We extended our experiment results to Qwen 2.5 models (released on Sep 25 2024). By Table A in the above, we illustrate the accuracy of 4-bit quantized Qwen 2.5 7B models. RoSTE remains to produce the top performance quantized model among the baselines. Now, our evaluation set covers three families of LLMs (Pythia, Qwen, Llama). Our coverage is broader than existing literature such as QuaRot and SpinQuant, where only Llama models were evaluated.

Novelty is limited ...

We respectfully disagree. From a methodology perspective, our work is the first to employ adaptive rotation with SFT to improve the accuracy of quantized models. Such design is well grounded in theory from an optimization perspective.

Besides innovation in methodology, we observe a research gap where prior works mainly considered pre-trained zero-shot evaluation, while the performance of quantized fine-tuned models remains unexplored. Our results open the door to a new benchmark for approaches that directly optimize the SFT objective on quantized models. We further illustrate the existing research gap in figure on accuracy-vs-training-time tradeoffs.

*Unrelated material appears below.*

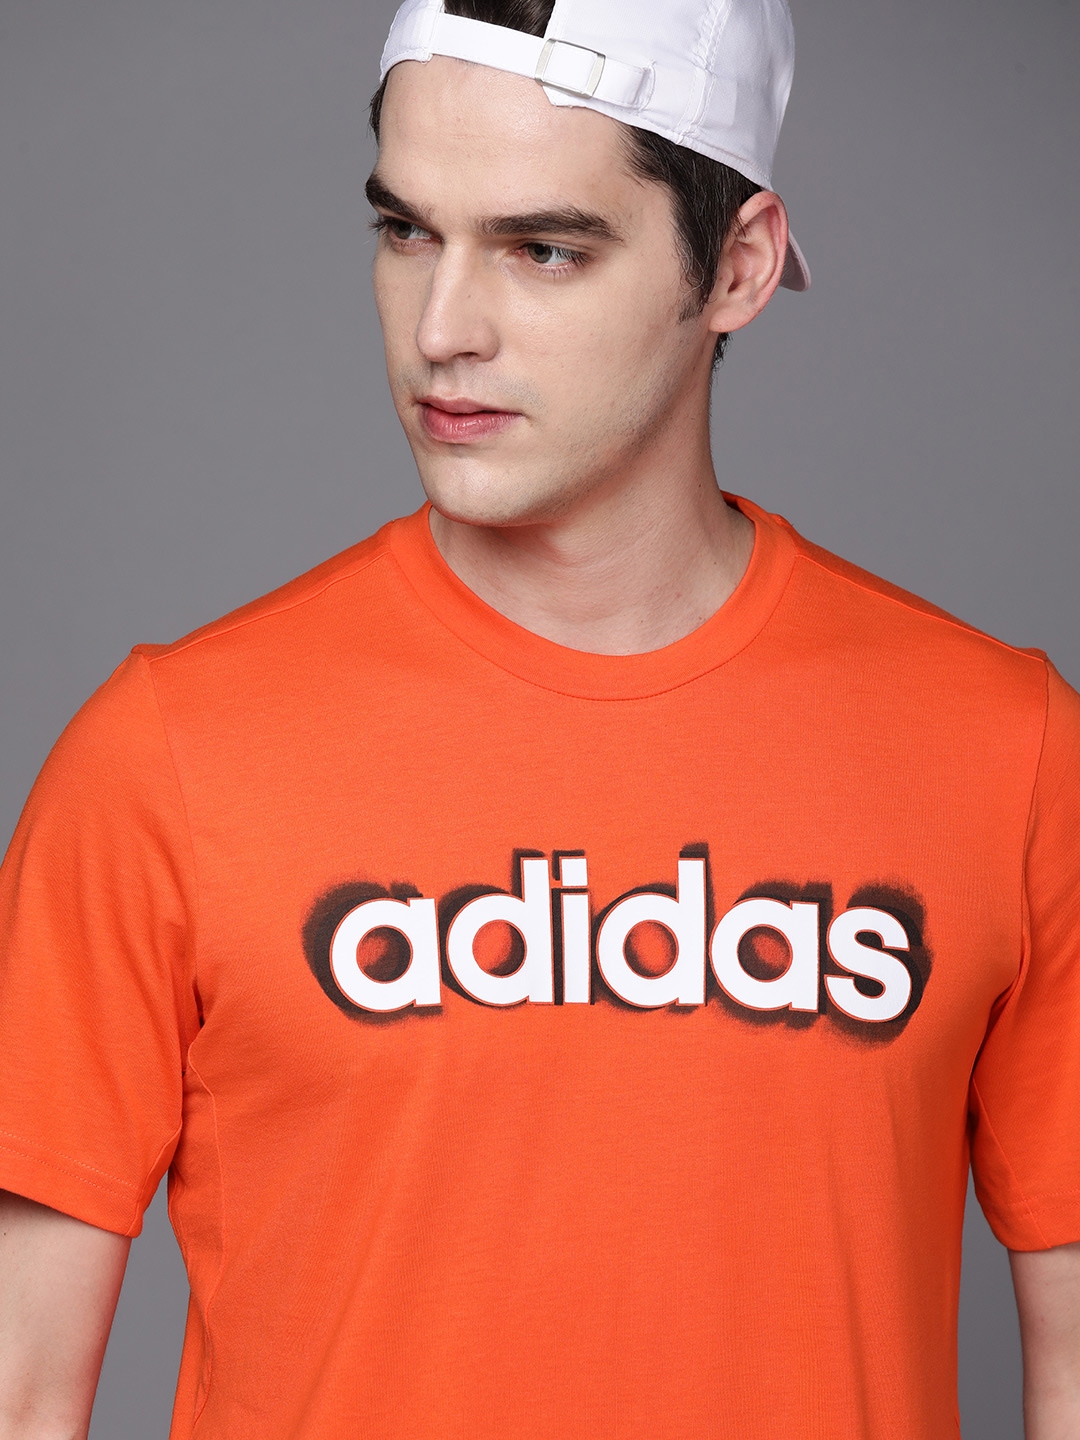 Buy ADIDAS Men Orange & White Brand Logo Printed Training T Shirt ...

Note that RoSTE achieves better accuracy than existing methods on SFT benchmark with a moderate training overhead.

最终决定

This paper proposes a new quantization-aware supervised fine-tuning method with efficiency by leveraging adaptive rotation strategy to reduce activation outliers for large langage models.

This paper has mixed scores such as three acceptance and one weak reject.

The main concerns were speedup effects, memory usages, and large requirement of GPU resources.

During the rebuttal, some major concerns seemd to be addressed, and GPU requirement issue still remains.

For clear decision, AC discussed with the reviewers. AC also agree that 2 nodes of H100 is quite high requirement compared to PEFT appraoch such as QLoRA. However, it is natural that PEFT's GPU requirement is much smaller than that of SFT. For SFT, 2 nodes are typical and practical cases in real-world LLM SFT applications.

Therefore, AC recommends accpeting this paper and asks the authors to clarify this issue.